Flynn之Discoverd

Flynn的服务发现组件（discoverd）部署在所有的Flynn集群节点上，该组件使用了Raft协议保证数据的一致性，目前采用的是hashicorp的实现（https://github.com/hashicorp/raft），我们知道在Raft协议中，如果参与选举的节点太多，会导致性能下降，那是不是说Flynn不支持大规模的节点呢？

Flynn是能够支持大规模节点的，虽然discoverd组件部署在所有的节点上，但并不是所有的节点都参与选举，只有部分节点作为Raft集群的节点，其余节点作为代理节点（proxying），Flynn通过以下逻辑判断是否是代理节点，启动discoverd时指定的-peers参数起了关键作用。

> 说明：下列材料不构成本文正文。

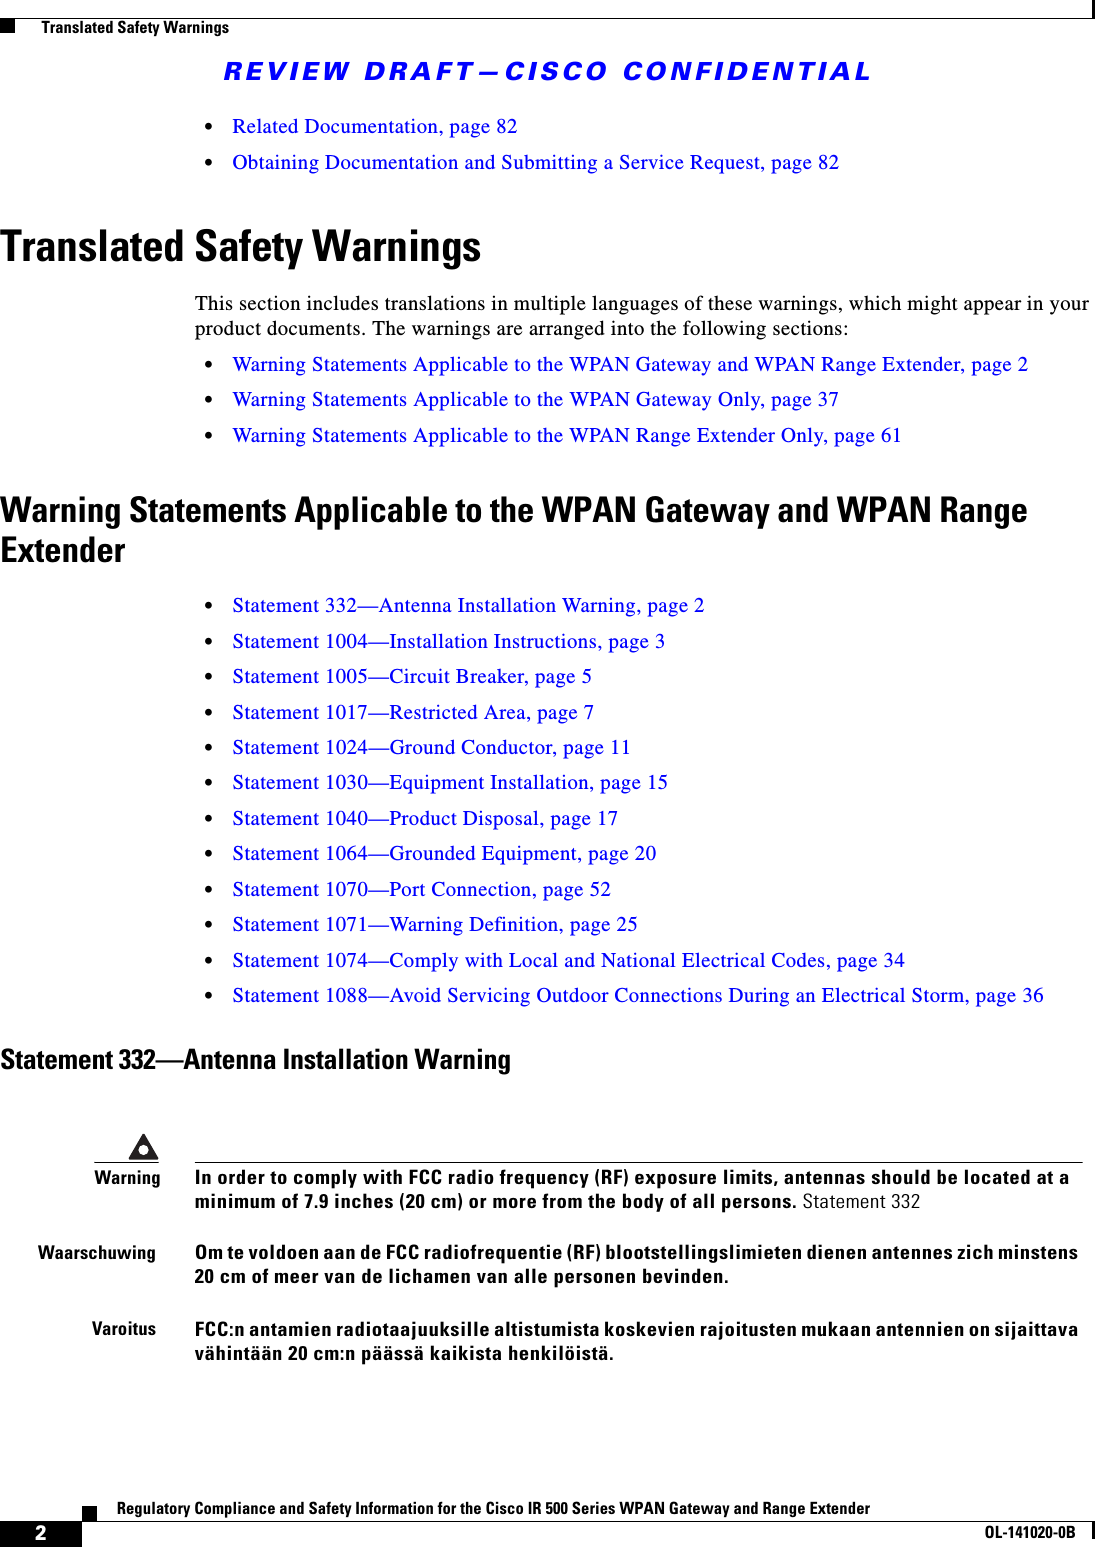 REVIEW DRAFT—CISCO CONFIDENTIAL2Regulatory Compliance and Safety Information for the Cisco IR 500 Series WPAN Gateway and Range ExtenderOL-141020-0B  Translated Safety Warnings•Related Documentation, page 82•Obtaining Documentation and Submitting a Service Request, page 82Translated Safety WarningsThis section includes translations in multiple languages of these warnings, which might appear in your product documents. The warnings are arranged into the following sections:•Warning Statements Applicable to the WPAN Gateway and WPAN Range Extender, page 2•Warning Statements Applicable to the WPAN Gateway Only, page 37•Warning Statements Applicable to the WPAN Range Extender Only, page 61Warning Statements Applicable to the WPAN Gateway and WPAN Range Extender•Statement 332—Antenna Installation Warning, page 2•Statement 1004—Installation Instructions, page 3•Statement 1005—Circuit Breaker, page 5•Statement 1017—Restricted Area, page 7•Statement 1024—Ground Conductor, page 11•Statement 1030—Equipment Installation, page 15•Statement 1040—Product Disposal, page 17•Statement 1064—Grounded Equipment, page 20•Statement 1070—Port Connection, page 52•Statement 1071—Warning Definition, page 25•Statement 1074—Comply with Local and National Electrical Codes, page 34•Statement 1088—Avoid Servicing Outdoor Connections During an Electrical Storm, page 36Statement 332—Antenna Installation WarningWarningIn order to comply with FCC radio frequency (RF) exposure limits, antennas should be located at a minimum of 7.9 inches (20 cm) or more from the body of all persons. Statement 332WaarschuwingOm te voldoen aan de FCC radiofrequentie (RF) blootstellingslimieten dienen antennes zich minstens 20 cm of meer van de lichamen van alle personen bevinden.VaroitusFCC:n antamien radiotaajuuksille altistumista koskevien rajoitusten mukaan antennien on sijaittava vähintään 20 cm:n päässä kaikista henkilöistä.

	// if the advertise addr is not in the peer list we are proxying
	proxying := true
	for _, addr := range m.peers {
		if addr == m.advertiseAddr {
			proxying = false
			break
		}
	}

discoverd组件本身依赖Raft协议保证数据的一致性，这里提到的数据，在discoverd里指的是服务，我们可以把我们的服务注册到discoverd上，我们的这些服务可能也需要一个Leader节点，例如Flynn的调度组件（scheduler）就只能在Leader节点上执行调度任务。那是否这些服务也是依赖Raft协议来选择Leader节点呢？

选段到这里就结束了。